The simultaneous presence of different populations of charged particles (solar energetic particles [2], energetic electrons of the outer radiation belt and auroral particles precipitating in the area of the auroral oval [1]) create a unique opportunity to study the structure and dynamics of the high-latitude magnetosphere during a magnetic storm. The results of a study during a magnetic storm on 02.27.2023 of the dynamics of the high-latitude boundaries of the main magnetospheric structures: the penetration regions of solar protons with energies of 1-100 MeV and 3-10 MeV are presented; areas of precipitation of auroral electrons and ions with energies ~30 eV to 30 keV; positions of the capture boundaries and maximum electron fluxes with energies >300 keV and >700 keV of the Earth's outer radiation belt. The work was performed on the basis of experimental data on charged particle fluxes obtained on the low-orbit polar satellites Meteor-M2 and DMSP in the evening and morning sectors local time. 

It is found that during the main phase of the magnetic storm, the boundaries of all magnetospheric structures shift to lower latitudes, while a strong morning-evening asymmetry is observed [3]. A stronger boundary shift in the evening sector compared to the morning hours is associated with the development of an asymmetric ring current in the main phase of the storm. During the recovery phase of the magnetic storm, the position of the maxima of the electron fluxes of the outer radiation belt shifts to lower latitudes, and the electron capture boundary of the outer radiation belts shifts to higher latitudes. 
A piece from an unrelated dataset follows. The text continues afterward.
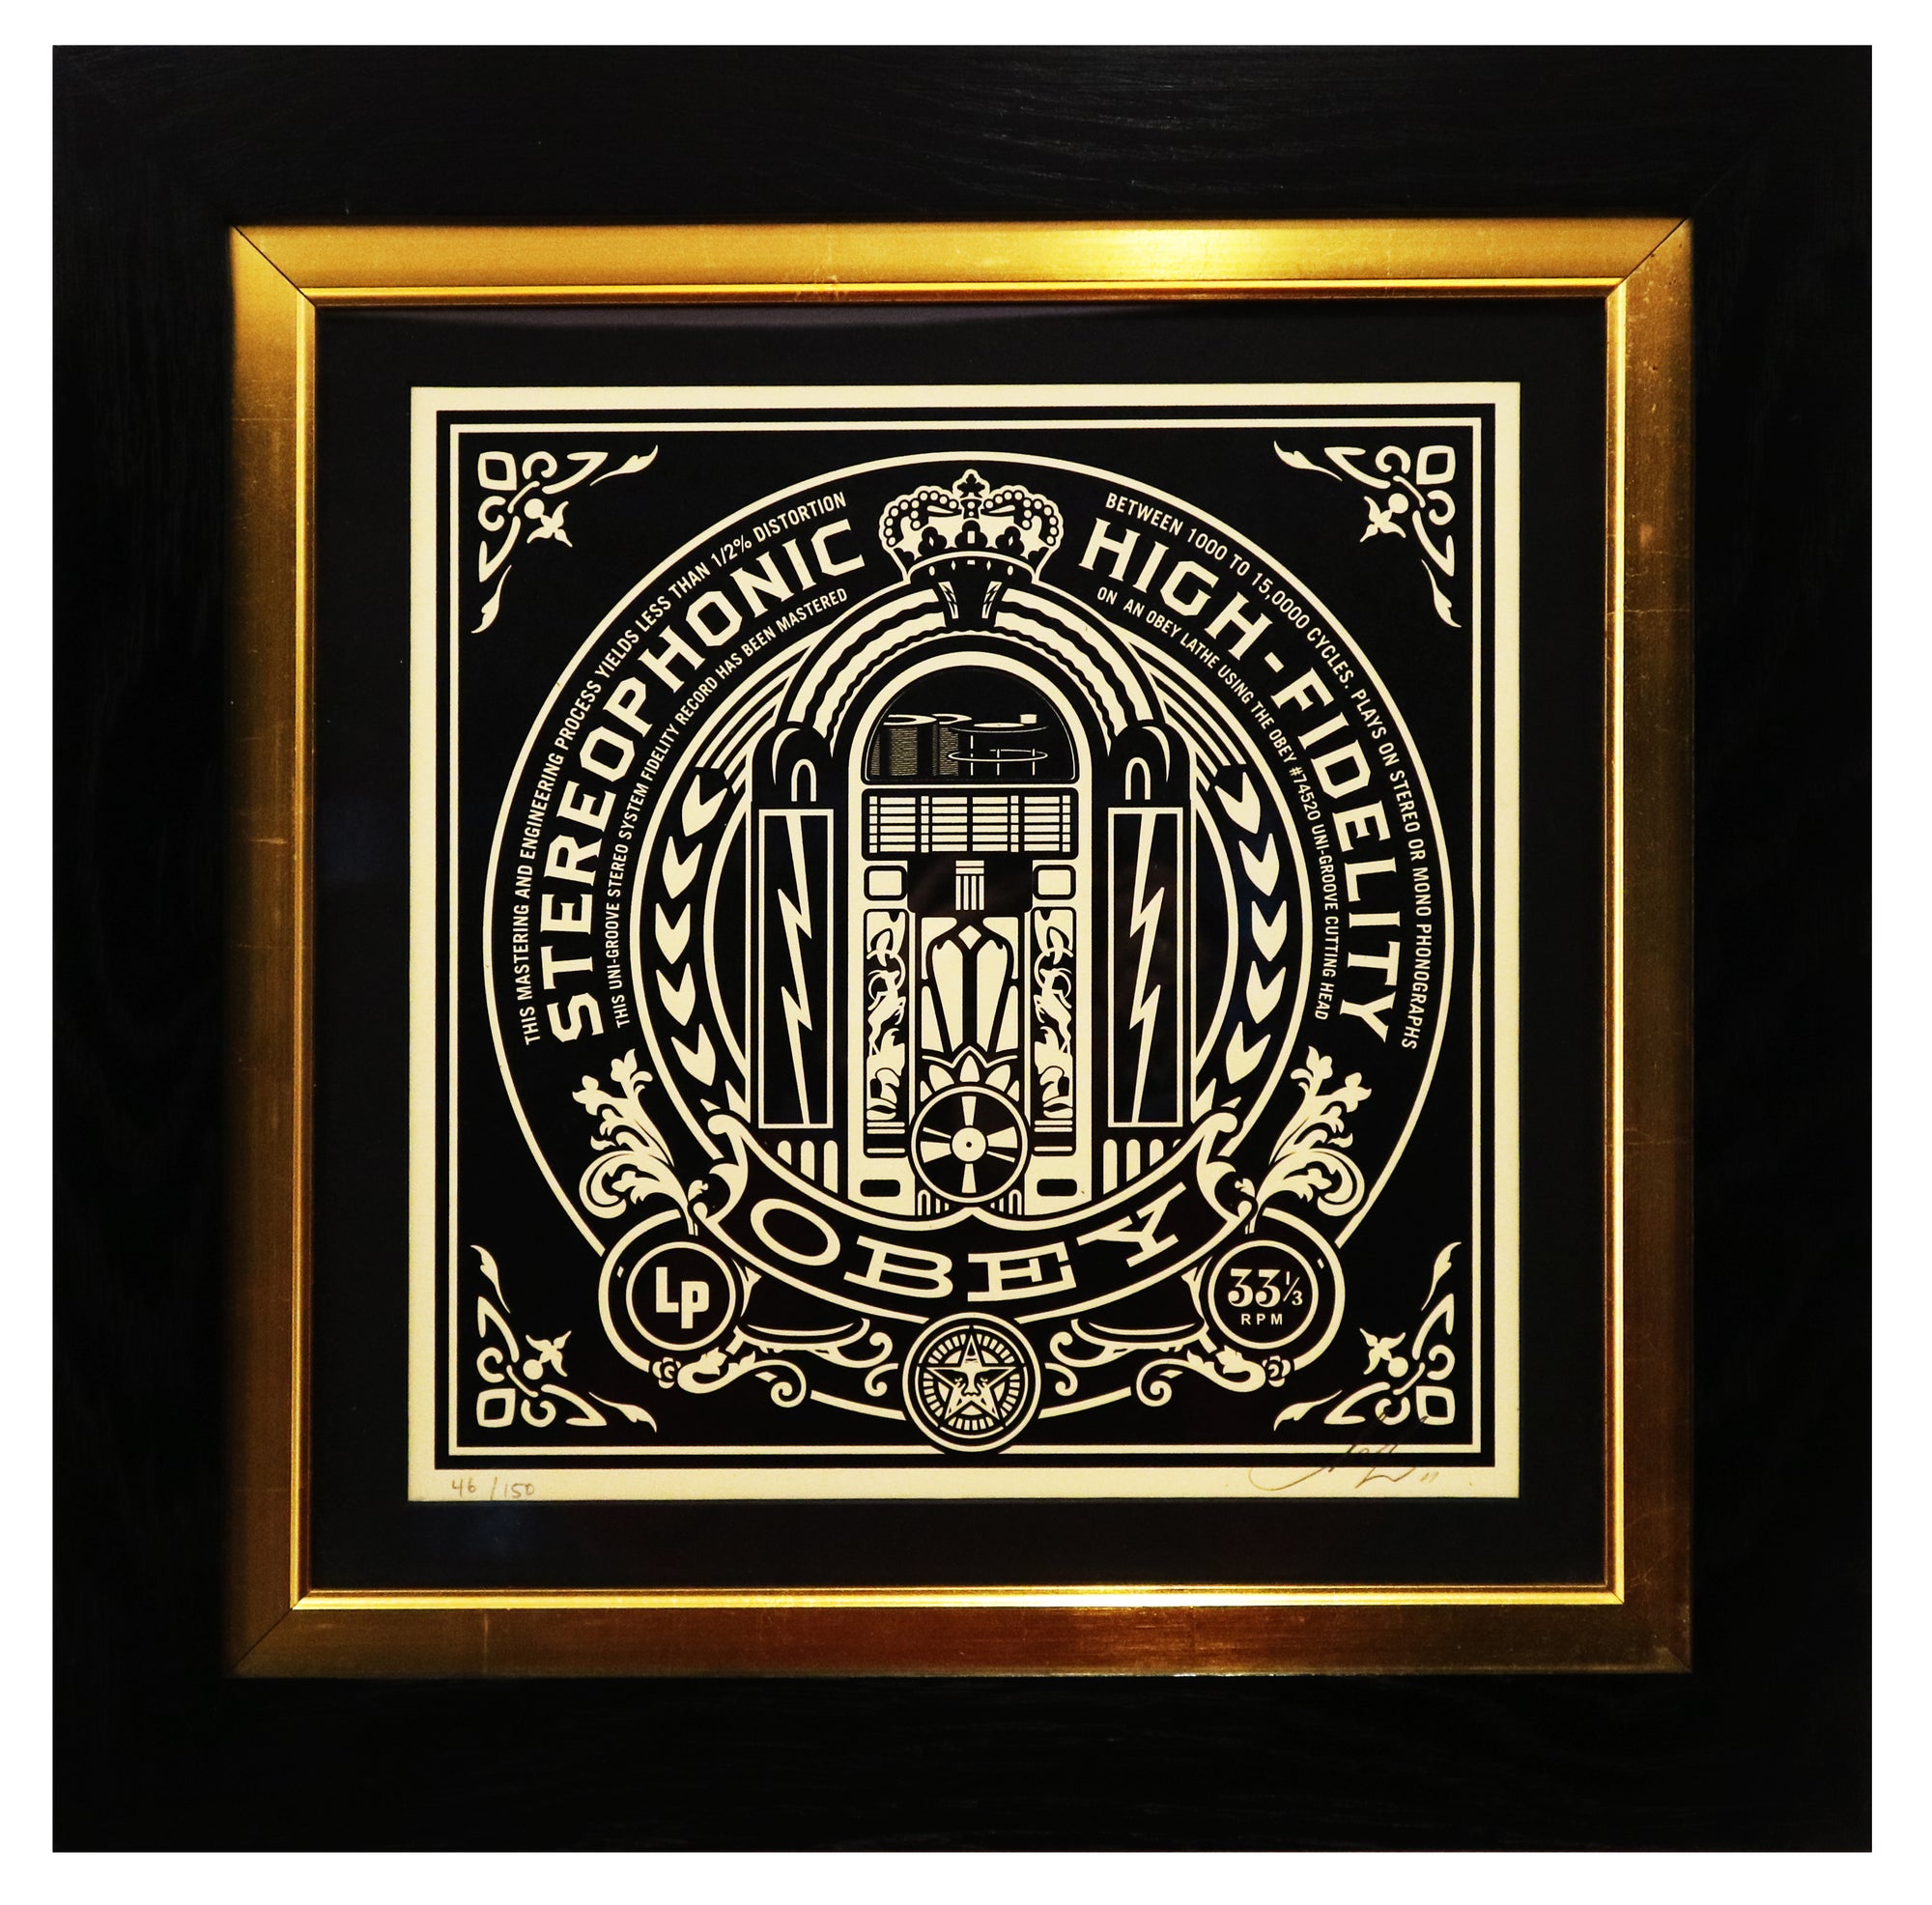 ▷ Paint it black 4/6 by Shepard Fairey (Obey), 2014, Painting

The research was carried out within the framework of the scientific program of the National Center for Physics and Mathematics (project "Nuclear and Radiation Physics"). 

We thank all the researchers who provide their data on proton fluxes and solar wind parameters via the Internet. Experimental data obtained at NASA's Goddard Space Flight Center: on solar wind and interplanetary magnetic in OmniWeb: High Resolution OMNI [http://omniweb.gsfc.nasa.gov/form/omni_min.html ]; on solar proton fluxes in CDAWeb: the Coordinated Data Analysis Web.

[1] Ivanova A. R., Kalegaev V. V. Dynamics of the night boundaries of the auroral oval during a magnetic storm 27-29.V.2017 // Space Research.— 2022. — vol. 60, № 5. — pp. 357–367.

[2]Tverskoy B.A., Darchieva L.A., Ivanova T.A., Panasyuk M.I. Penetration of solar cosmic rays into the Earth's magnetosphere // V Leningrad International Seminar, 1973, Proceedings, pp. 365-385, 1974

[3]M., & Reistad, J. P. (2023). Auroral oval morphology: Dawn-dusk asymmetry partially induced by Earth's rotation. // Journal of Geophysical Research: Space Physics, 128, e2023JA031345.